### STORED DATA:

%%

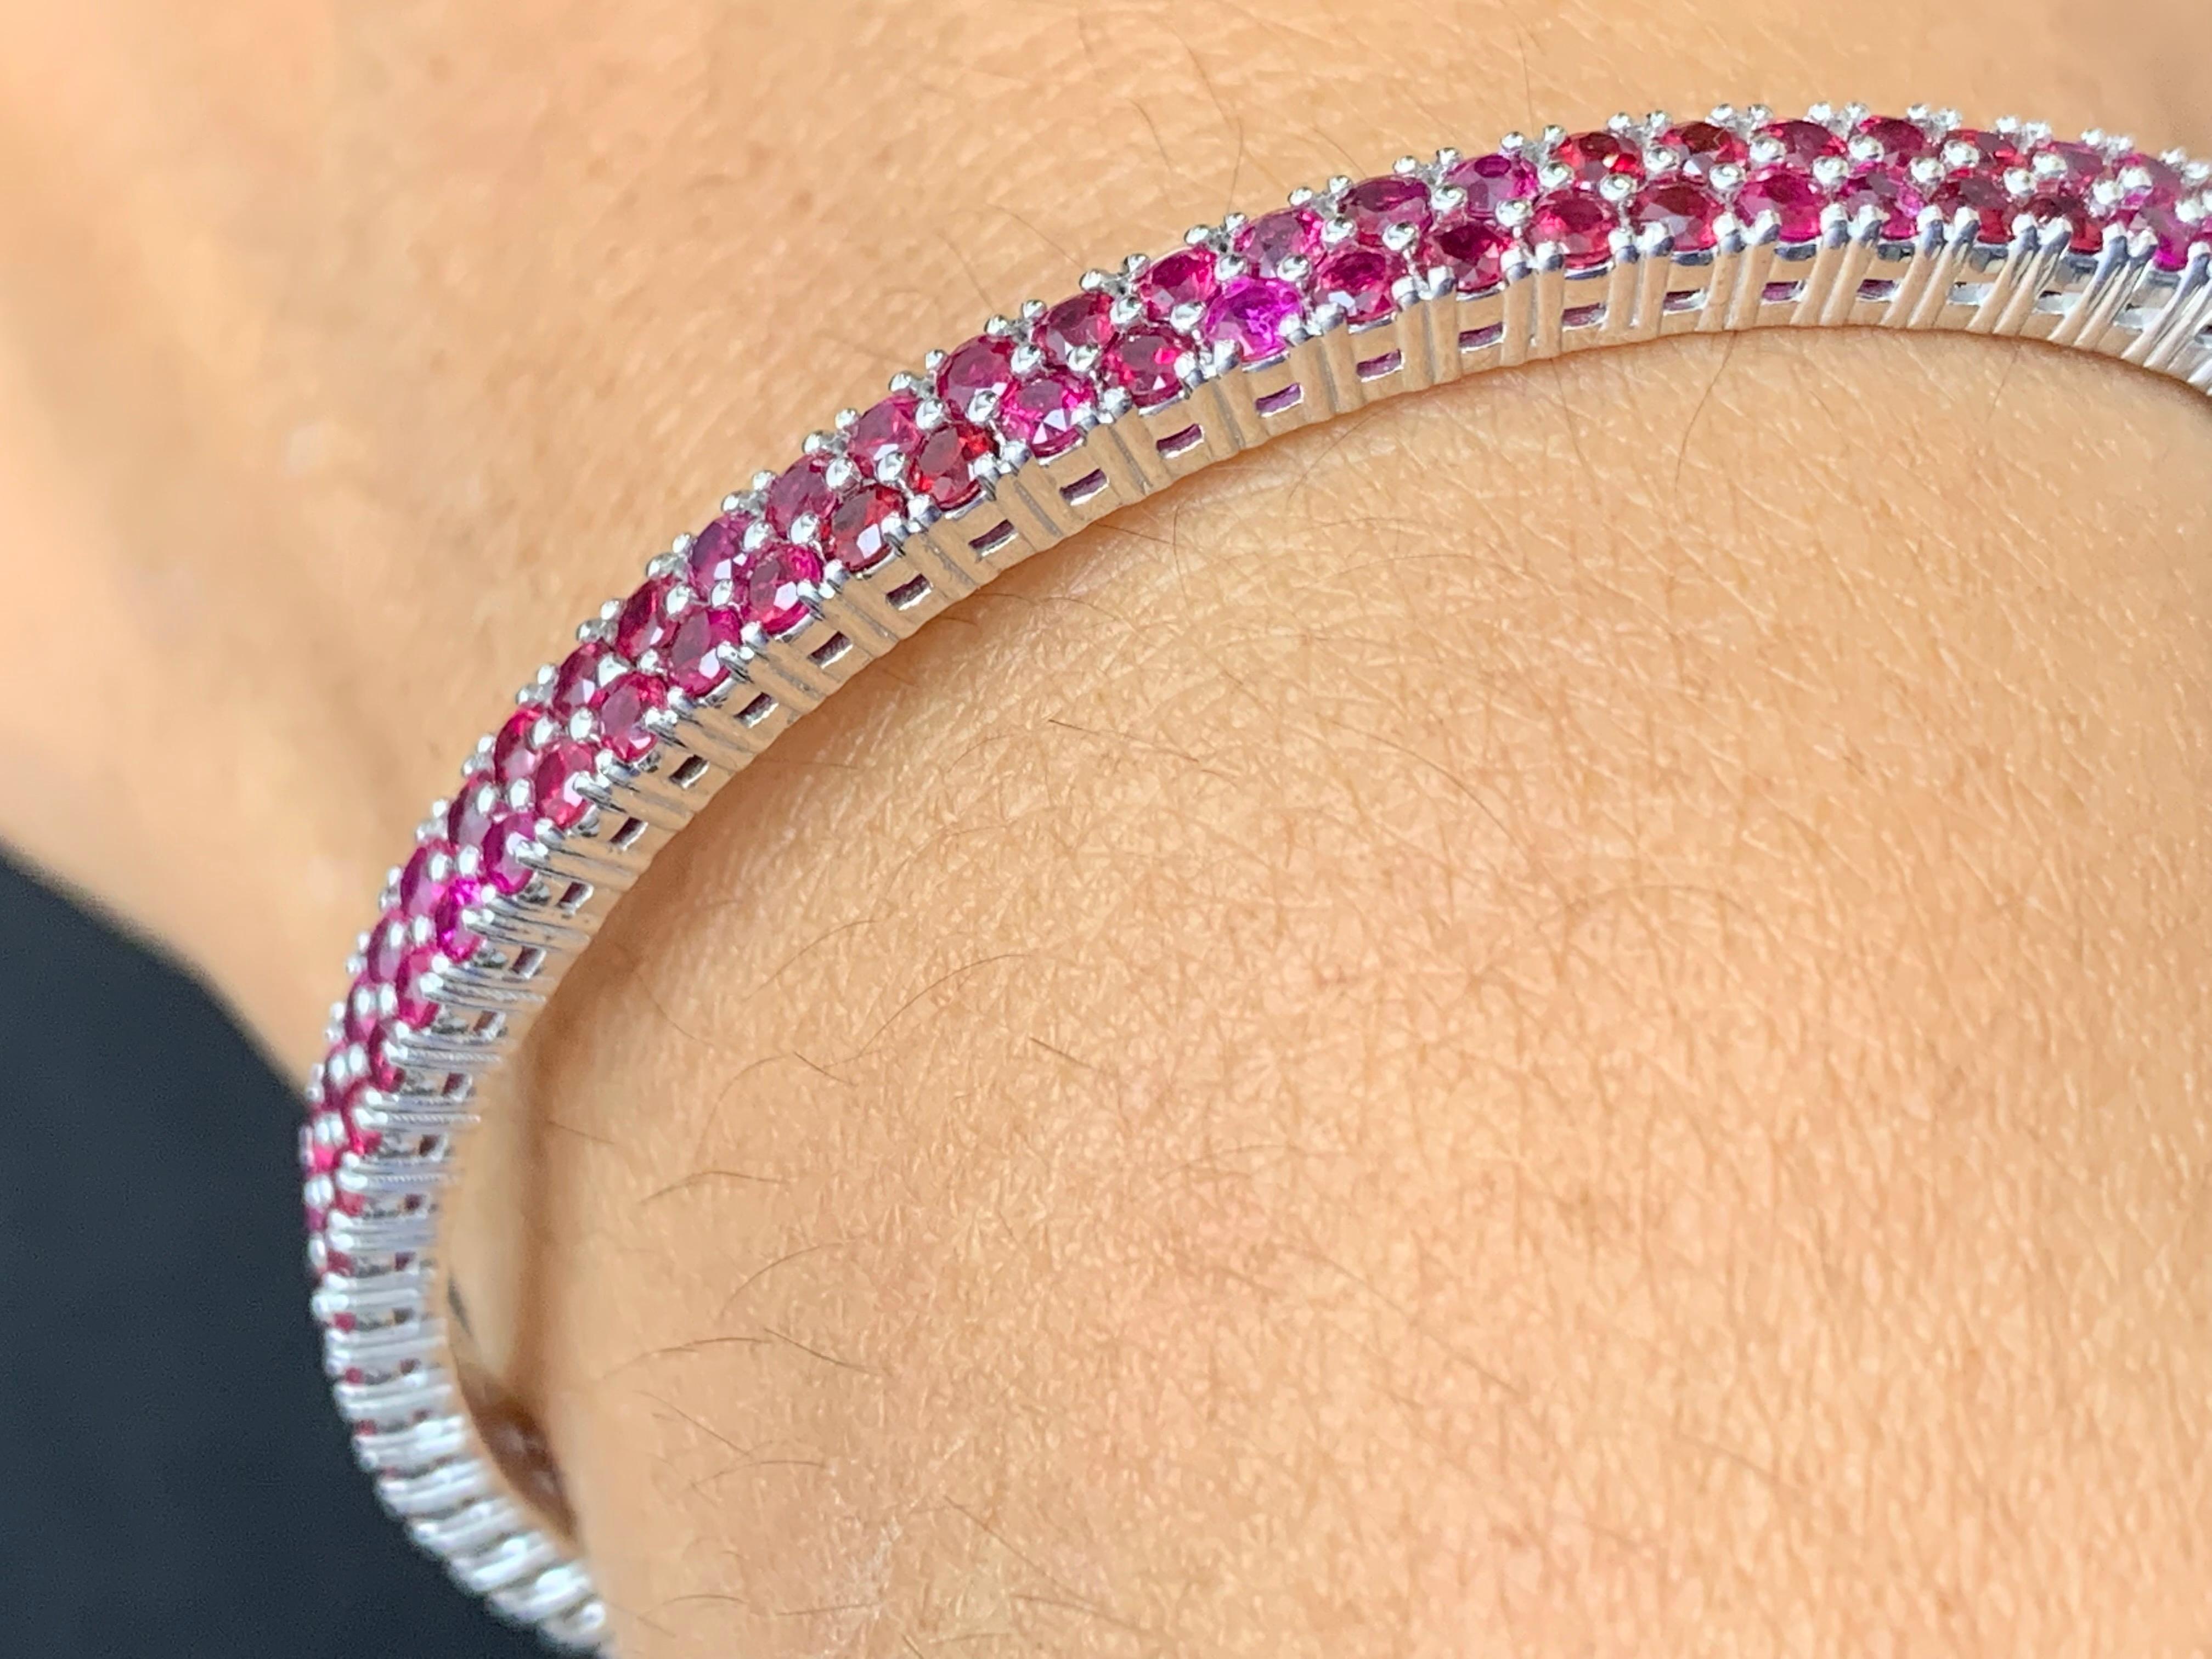 A simple but elegant 2-row bangle with 75 round cut Rubies weighing 3.53 carats total. Has a clasp to slip and wear the bangle securely. Made in 14k white gold.

Style available in different price ranges. Prices are based on your selection of the
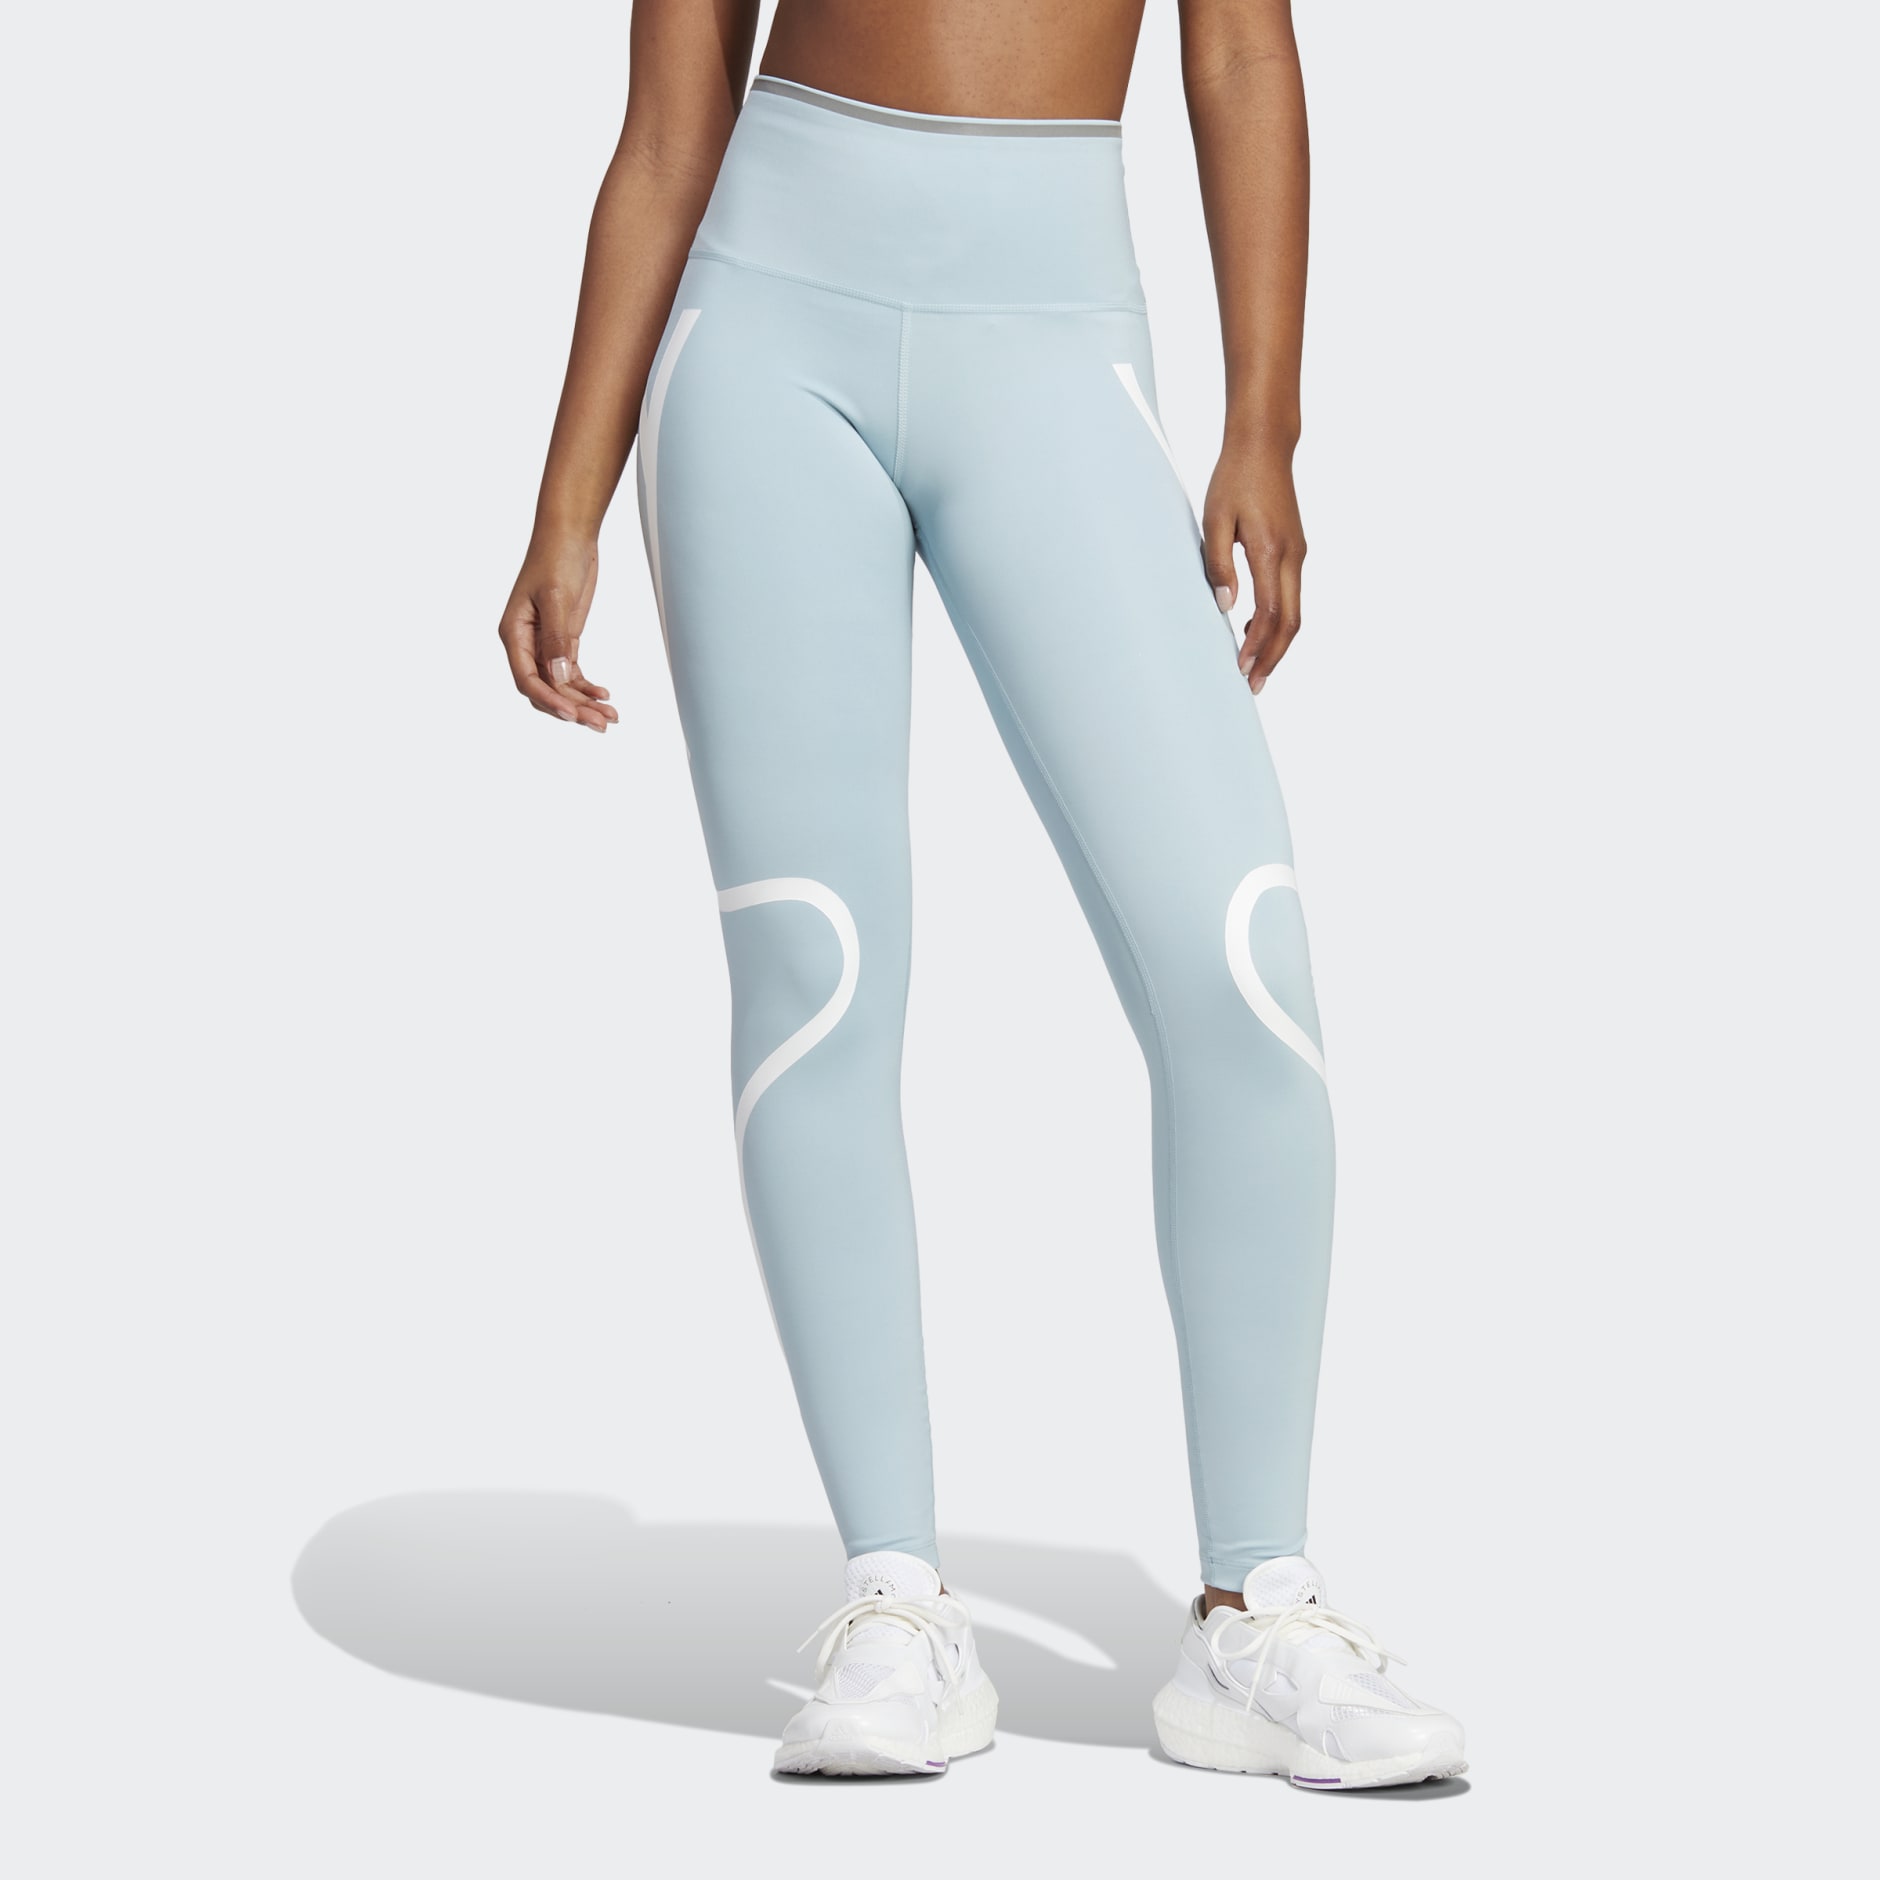 Nike Women's High Waist Leggings NEW with Tags - clothing & accessories -  by owner - apparel sale - craigslist

%%

### WHAT IS NEEDED:
Transcribe the listing exactly, skipping pictures.

### PROBLEM SOLUTION:
 A simple but elegant 2-row bangle with 75 round cut Rubies weighing 3.53 carats total. Has a clasp to slip and wear the bangle securely. Made in 14k white gold.

Style available in different price ranges. Prices are based on your selection of the
 Nike Women's High Waist Leggings NEW with Tags - clothing & accessories -  by owner - apparel sale - craigslist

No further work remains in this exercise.